CANBERRA, KOMPAS.com - Kalangan eksportir sapi Australia menyatakan khawatir dengan eskalasi krisis Covid-19 di Indonesia yang telah menempatkan mereka dalam "situasi tragis".
Menurut Ketua Dewan Eksportir Ternak Australia (ALEC) Mark Harvey-Sutton, di saat krisis Covid-19 memburuk, harga sapi yang tinggi dan pengetatan pasokan domestik, ekspor sapi menjadi turun 27 persen dibandingkan tahun lalu.
Namun ia menambahkan perhatian utama mereka saat ini adalah kesehatan dan keselamatan mitra bisnisnya di Indonesia.
Baca juga: Seorang Pria yang PP Indonesia-Australia Tularkan Varian Delta di Brisbane
"Saya telah menerima laporan dari staf importir yang telah meninggal atau sakit parah karena Covid-19," katanya.
"Kami sampaikan keprihatinan dan doa tulus kami untuk Indonesia saat ini," ujar Mark.
Salah satu perusahaan ternak terbesar di Australia Consolidated Pastoral Company (CPC) memiliki dua tempat penggemukan sapi, yaitu di Lampung dan Medan, dengan kapasitas total 27.000 ekor sapi.
Dirut CPC Troy Setter mengatakan meski pihaknya telah melakukan vaksinasi terhadap 500–600 staf mereka dan telah menerapkan protokol Covid-19 yang ketat, namun situasinya lebih membahayakan dalam beberapa pekan terakhir.
"Kami mengalami tekanan pada usaha, pekerja, dan pelanggan kami karena jenis virus corona baru yang lebih ganas ini," katanya kepada ABC.
"Staf kami tambah banyak yang sakit dalam beberapa minggu terakhir dan, kami juga telah kehilangan beberapa pekerja," ujar Troy.
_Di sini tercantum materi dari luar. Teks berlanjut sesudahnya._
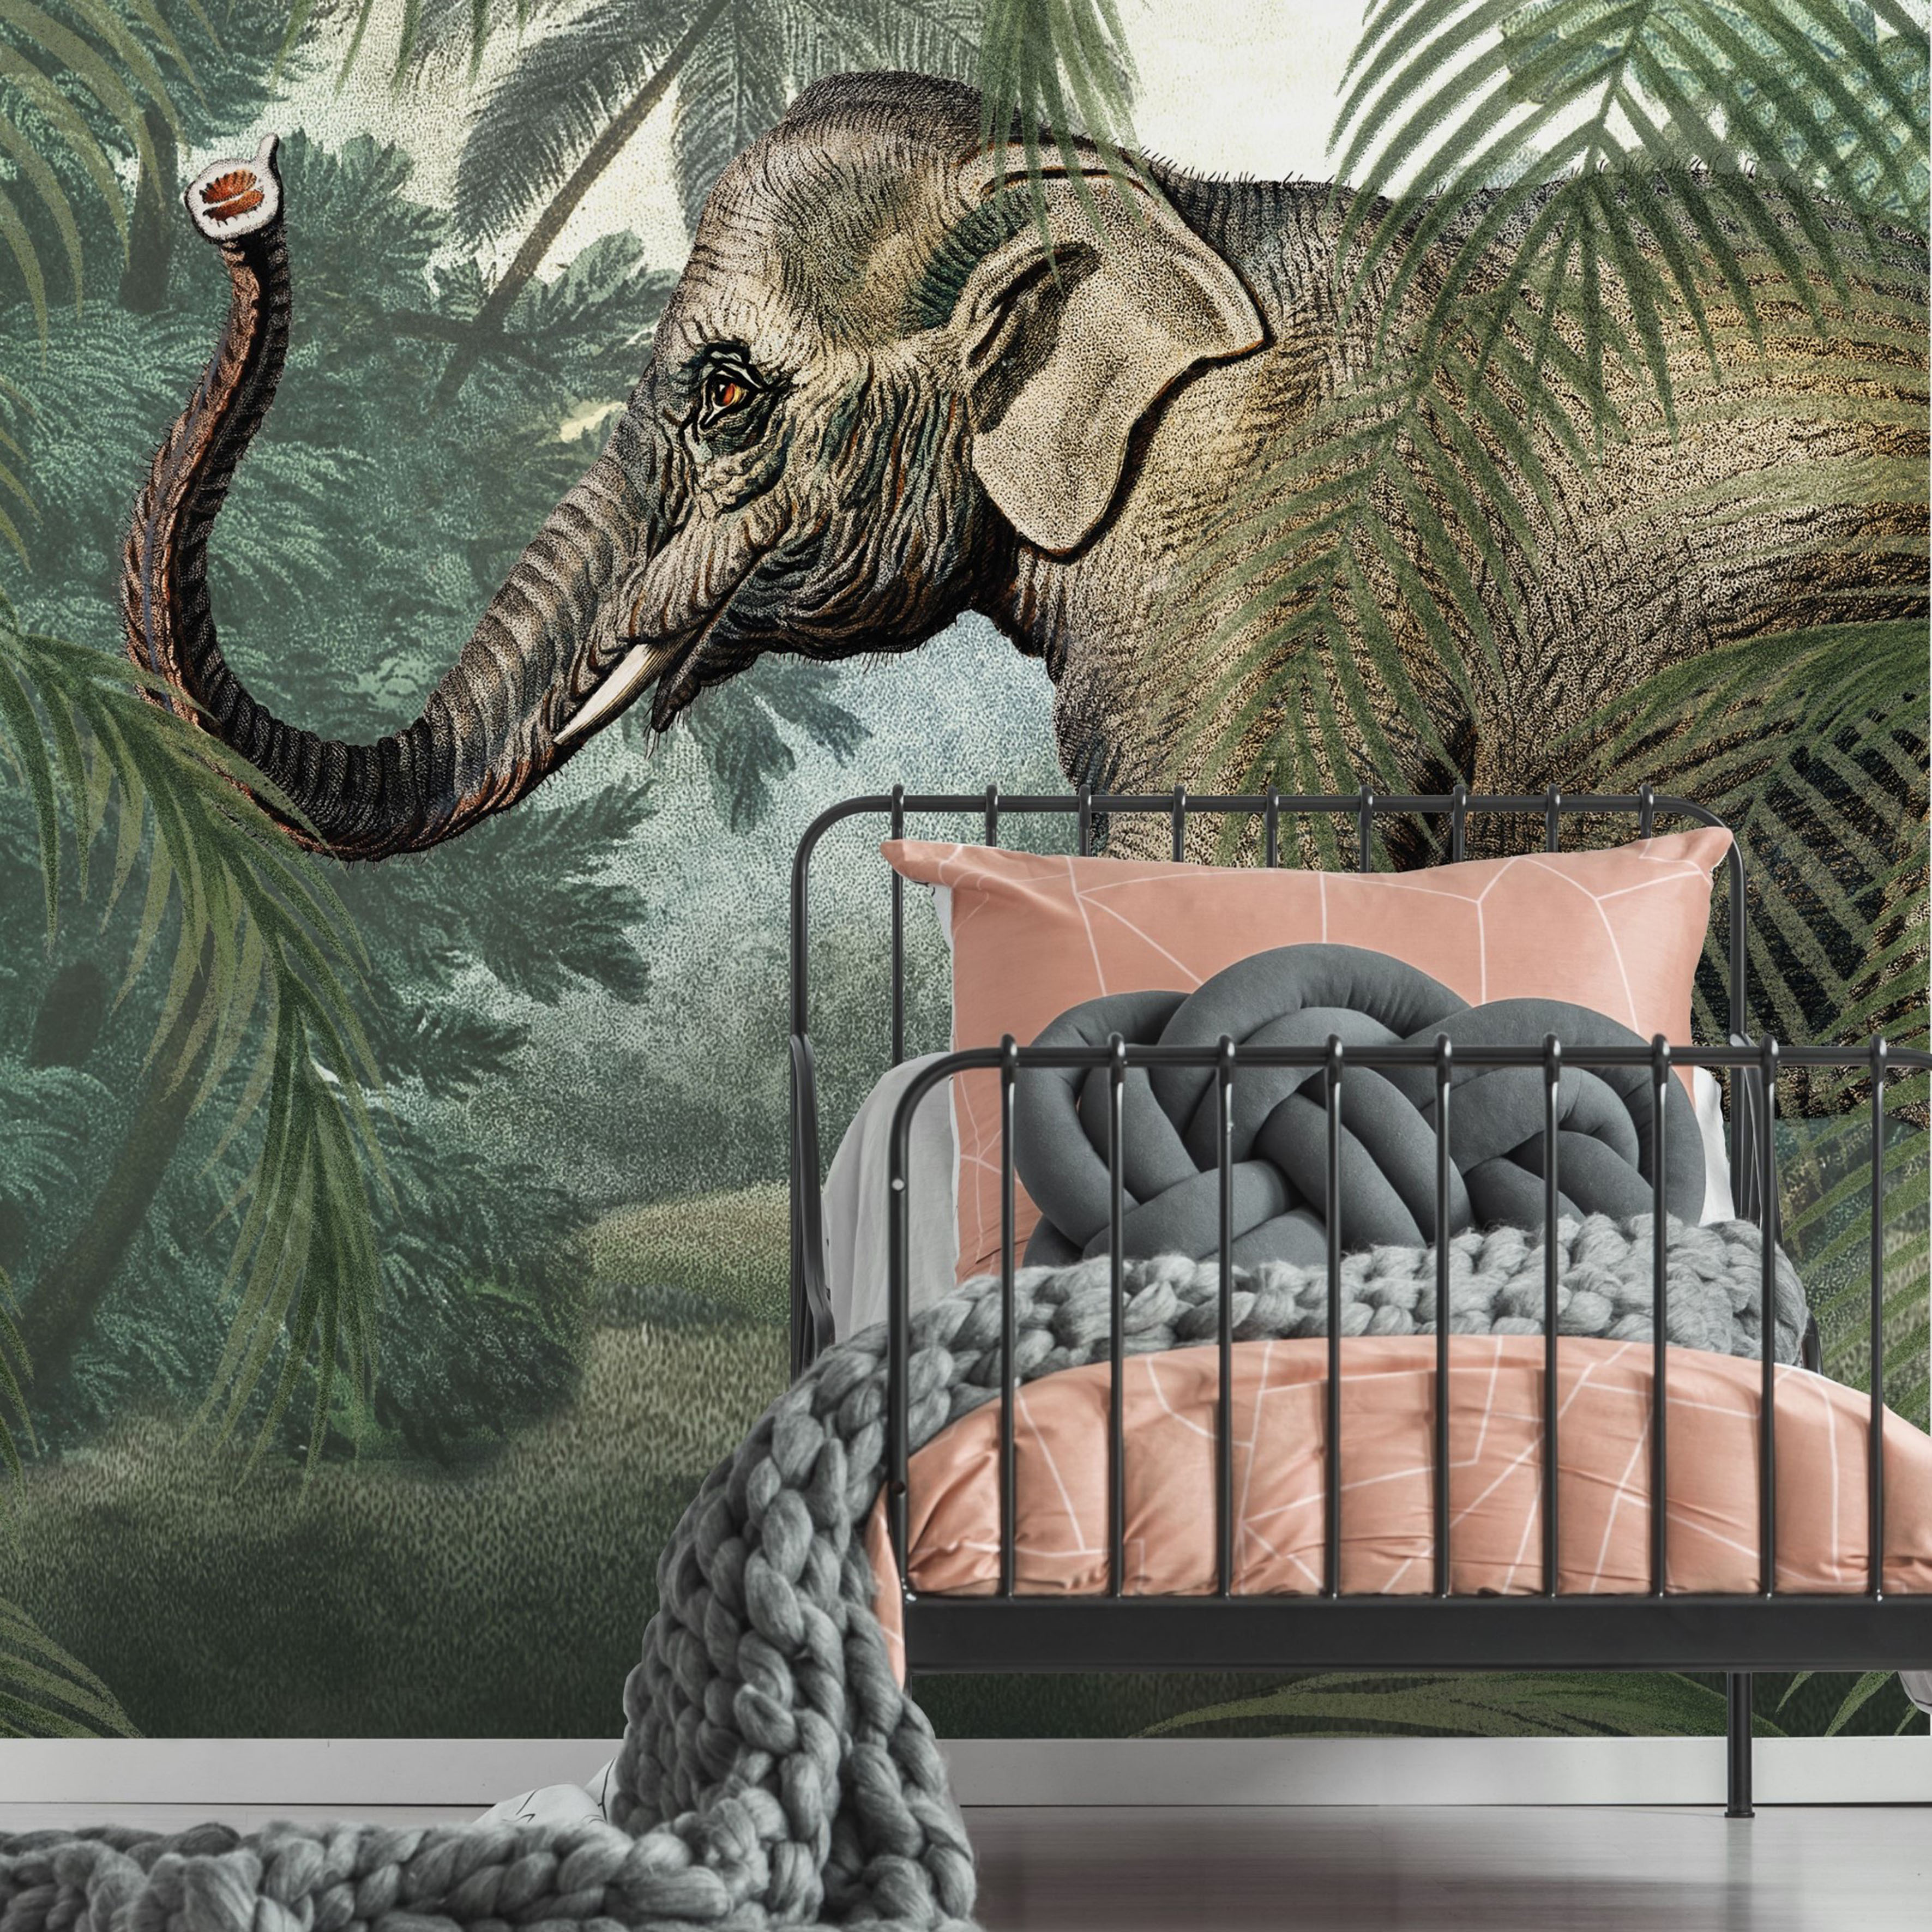 Art for the home Fototapete "Elefant", animal print 2

"Ini juga jadi tantangan kami di Australia, kami merasa sangat tidak berdaya untuk membantu (mengatasi keadaan di Indonesia)," tambahnya.
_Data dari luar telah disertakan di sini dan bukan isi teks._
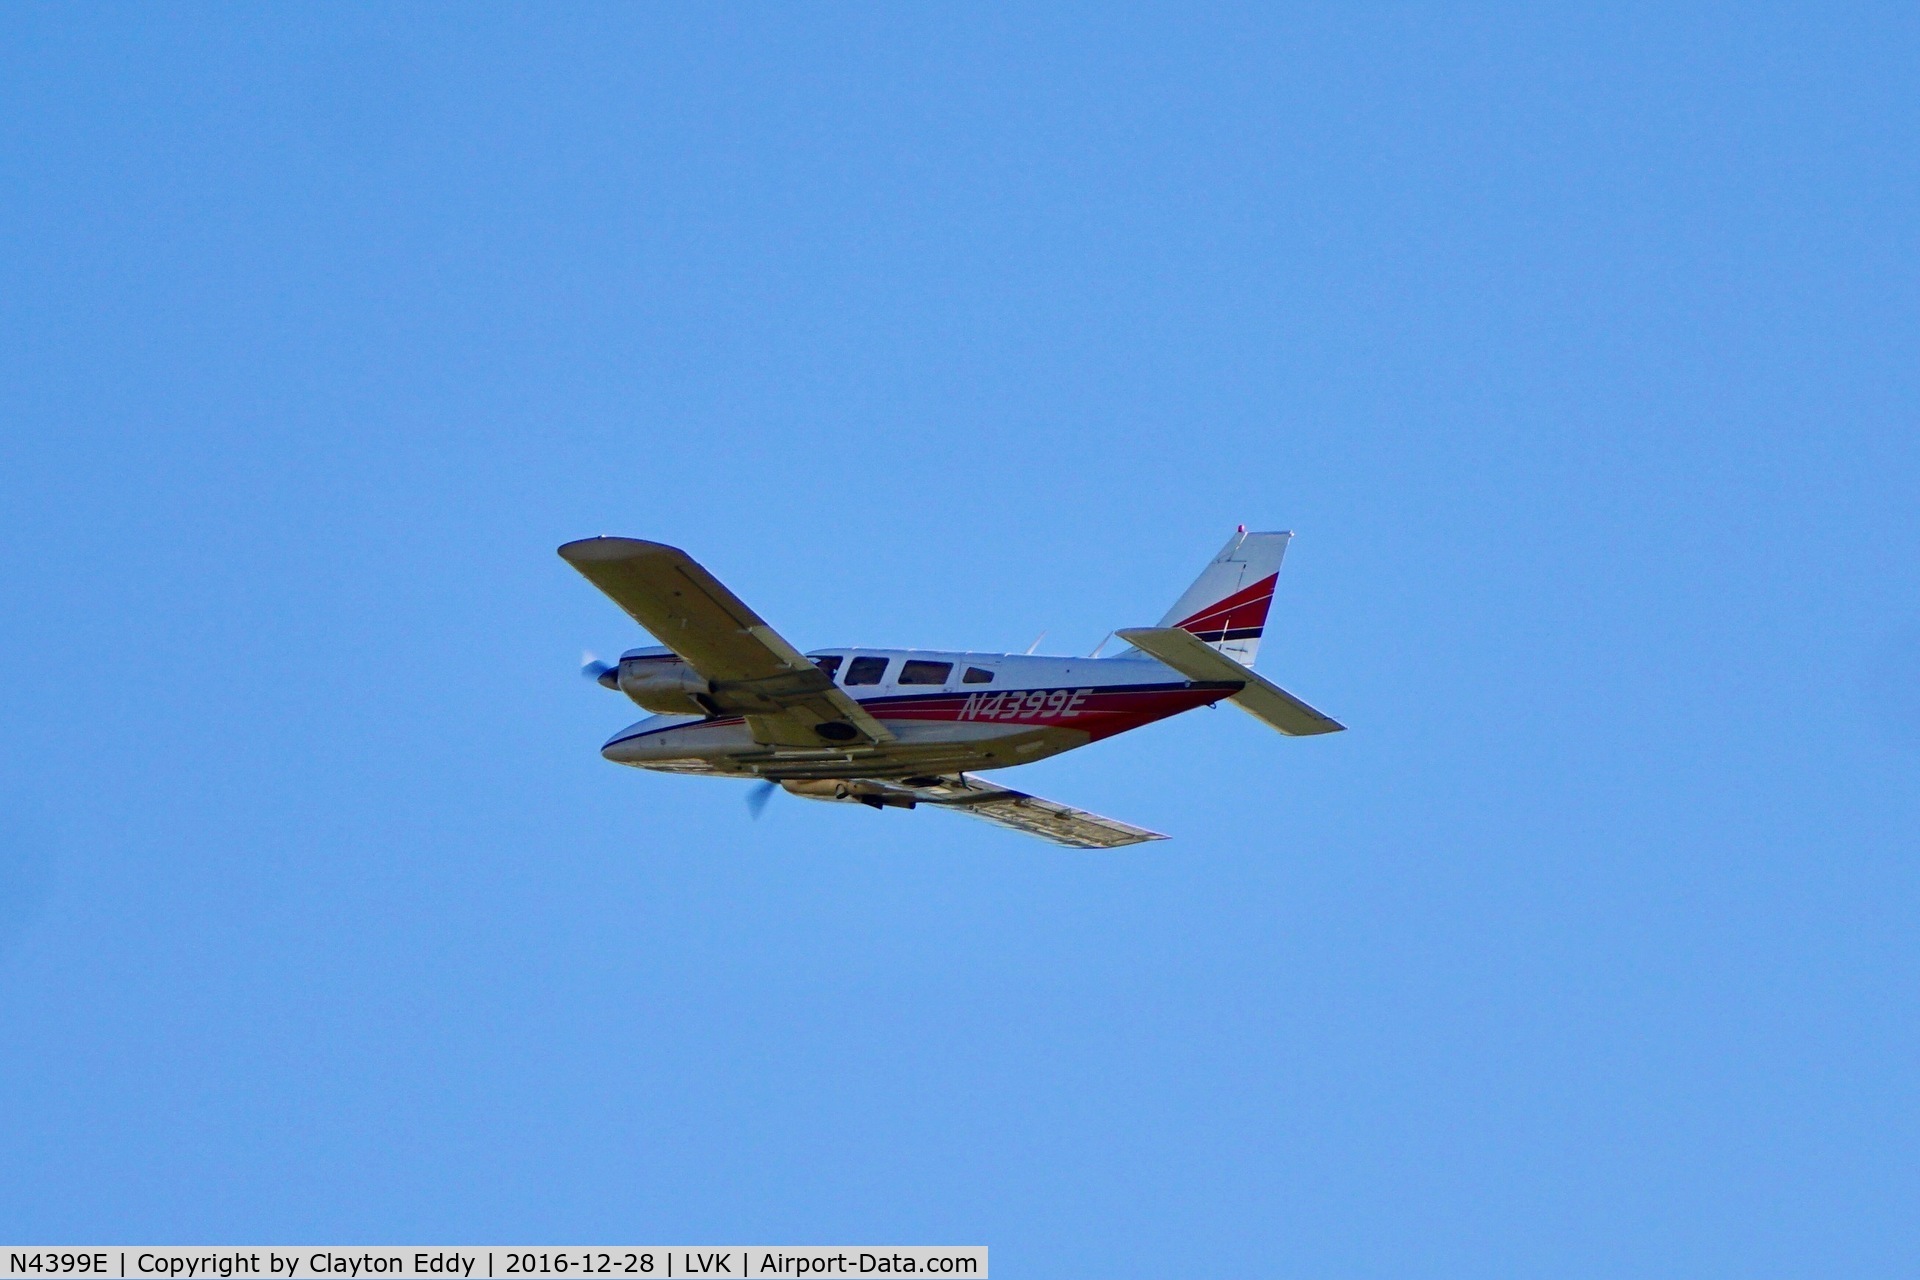 N4399E, 1974 Piper PA-34-200 C/N 34-7450179, Departing runway 7L LVK 2016.

Menurut Troy Setter, biasanya sekitar 1,8 juta hewan yang dipotong selama hari raya qurban, termasuk sapi, domba, kambing, dan kerbau.
Tapi ia memperkirakan pemotongan kali ini turun sekitar 10 persen dibandingkan tahun lalu.
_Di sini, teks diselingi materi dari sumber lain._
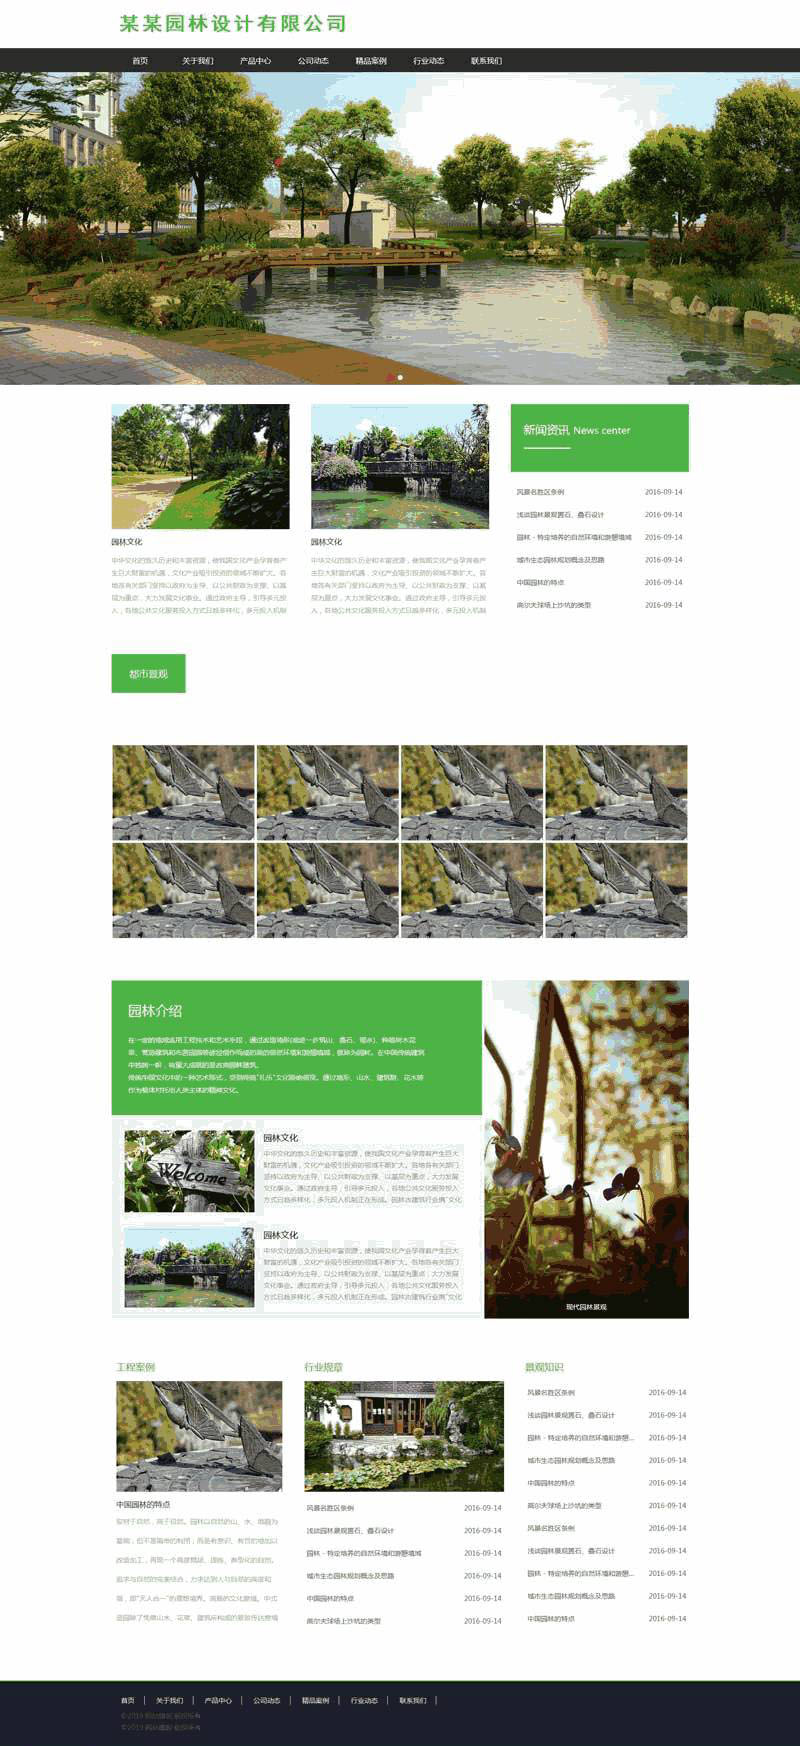 绿色园林景观设计公司网站含手机站WordPress模板下载演示图

Baca juga: Idul Adha Kedua di Tengah Pandemi Covid-19 di Seluruh Dunia
"Hal yang menarik yaitu sejak Juni kita sebenarnya melihat peningkatan signifikan harga daging sapi dan sapi hidup yang masuk ke Indonesia, meskipun volumenya turun," jelasnya.
“Kami sekarang melihat penurunan daya beli rata-rata konsumen Indonesia dan itu adalah tantangan nyata."